Hence the second term is $\boxed{1/4}$

let first no. be "x"

let second no. be "y"

the sequence would be:

(x)+(y)+(x+y)+(x+2y)+(2x+3y)+(3x+5y)=13

8x+12y=13 ......(i)

Also,

4x=3x+5y

x=5y .....(ii)

by substituting (ii) in (i)

8(5y)+12y=13

40y+12y=13

52y=13

y=1/4

Using the recurrence relation: $F_{6}$ = $F_{5}$ + $F_{4}$ = 2 $F_{4}$ + $F_{3}$ =...= 5 $F_{2}$ + 3 $F_{1}$ . Now we can see that the coefficients of $F_{2}$ and $F_{1}$ are the 5th and 4th terms of the Fibonacci sequence (respectively).
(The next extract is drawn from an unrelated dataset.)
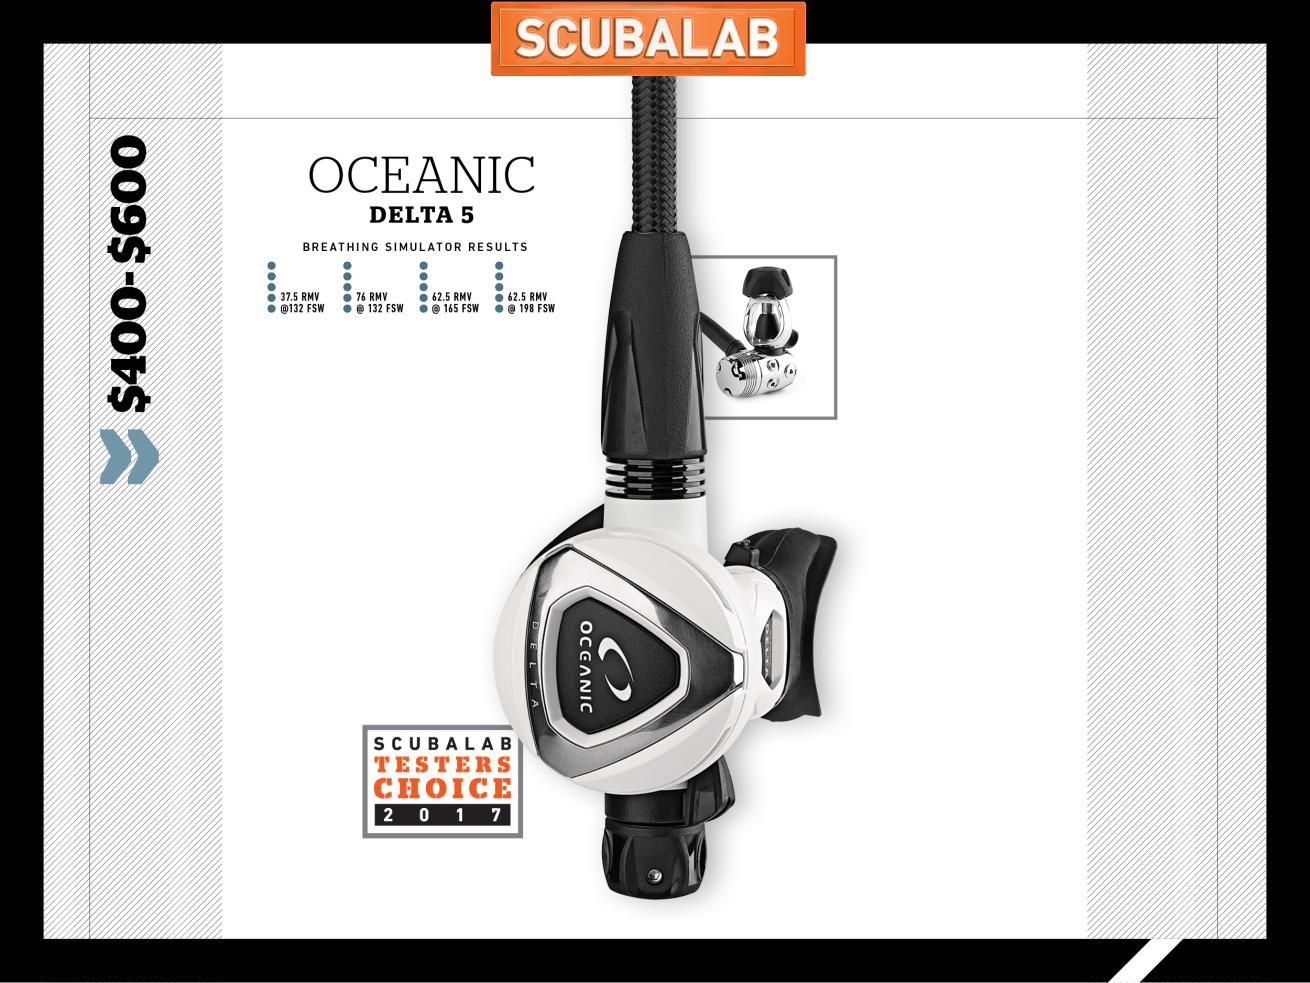 Oceanic Delta 5 scuba diving regulator ScubaLab review
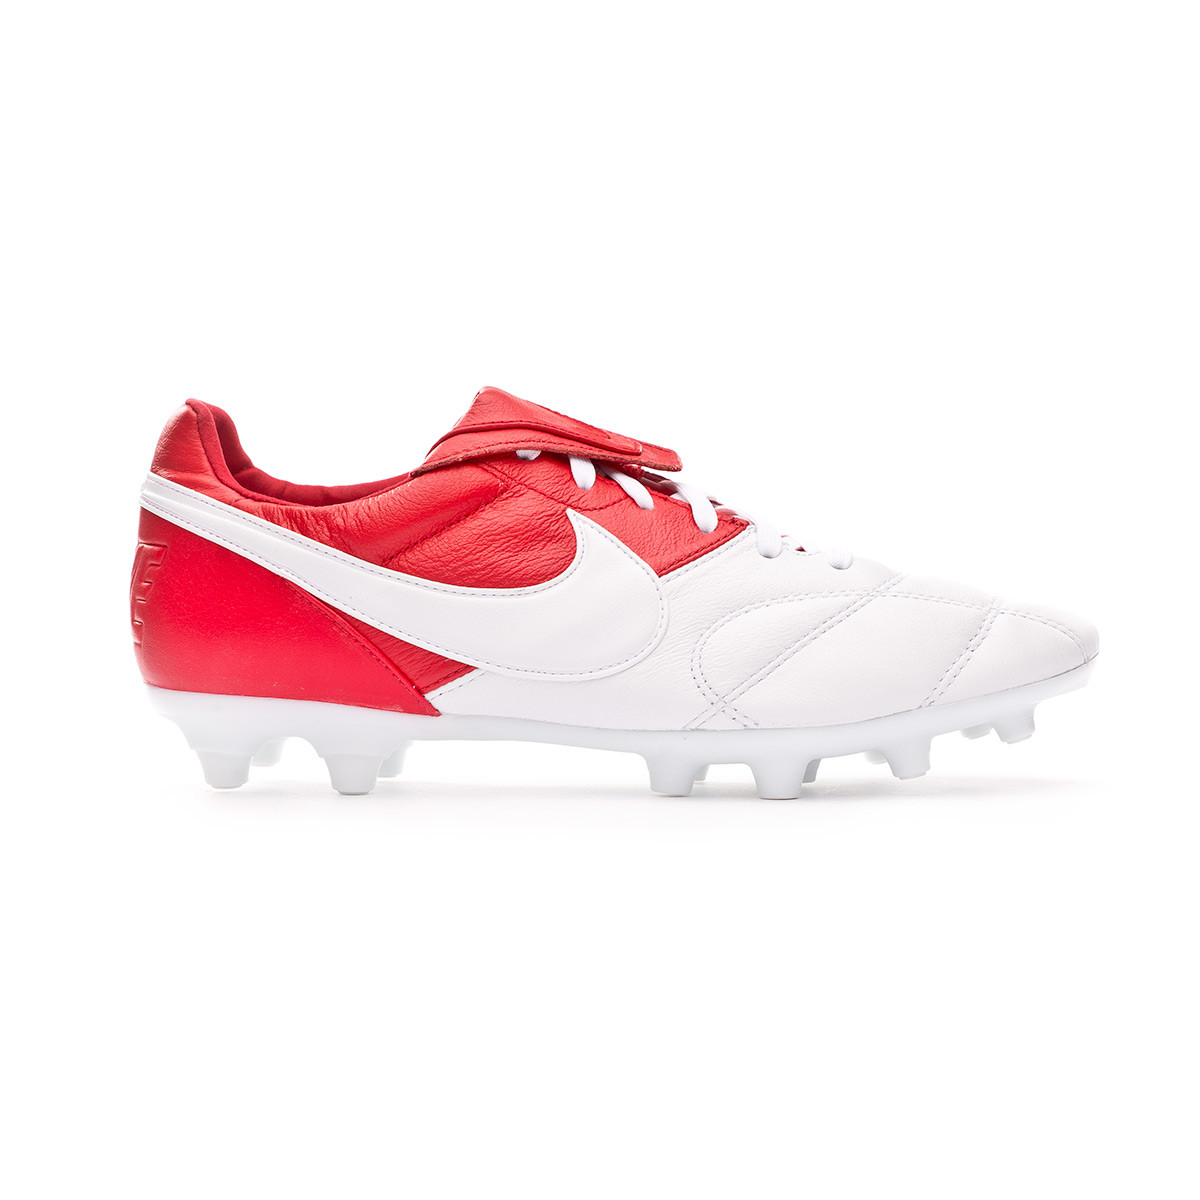 Football Boots Nike Tiempo Premier Ii Fg University Red White

Using this fact produces: $F_{5}$ = 3 $F_{2}$ + 2 $F_{1}$ , $F_{4}$ = 2 $F_{2}$ + $F_{1}$ , $F_{3}$ = $F_{2}$ + $F_{1}$ . Now summing these terms together with $F_{2}$ and $F_{1}$ , gives: 12 $F_{2}$ + 8 $F_{1}$ = 13 (#1). Now using the recurrence relation with [ $F_{6}$ = 4 $F_{1}$ ] $\rightarrow$ $F_{6}$ + $F_{5}$ + ... + $F_{1}$ = ( $F_{5}$ + $F_{4}$ + $F_{3}$ + $F_{2}$ + 5 $F_{1}$ ) = ( $F_{6}$ + $F_{3}$ + $F_{2}$ + 5 $F_{1}$ ) = ( $F_{3}$ + $F_{2}$ + 9 $F_{1}$ ). Using $F_{1}$ = $F_{3}$ - $F_{2}$ and - $F_{2}$ = $F_{3}$ - $F_{4}$ $\rightarrow$ 13 = $F_{4}$ +[ $F_{3}$ - $F_{2}$ ] + 8 $F_{1}$ = [ $F_{4}$ + $F_{3}$ ] + [ $F_{3}$ - $F_{4}$ ] + 8 $F_{1}$ = 2 $F_{3}$ + 8 $F_{1}$ = 2 $F_{2}$ +10 $F_{1}$ $\Rightarrow$ $F_{2}$ + 5 $F_{1}$ = $\frac{13}{2}$ (#2). Now let ${x}$ = $F_{2}$ and $F_{1}$ = ${y}$ , such that (from #1 and #2): 3 ${x}$ + 2 ${y}$ = $\frac{13}{4}$ and ${x}$ + 5 ${y}$ = $\frac{13}{2}$ . This solves to give: ${x}$ = $\boxed{\frac{1}{4}}$ and ${y}$ = $\frac{5}{4}$ .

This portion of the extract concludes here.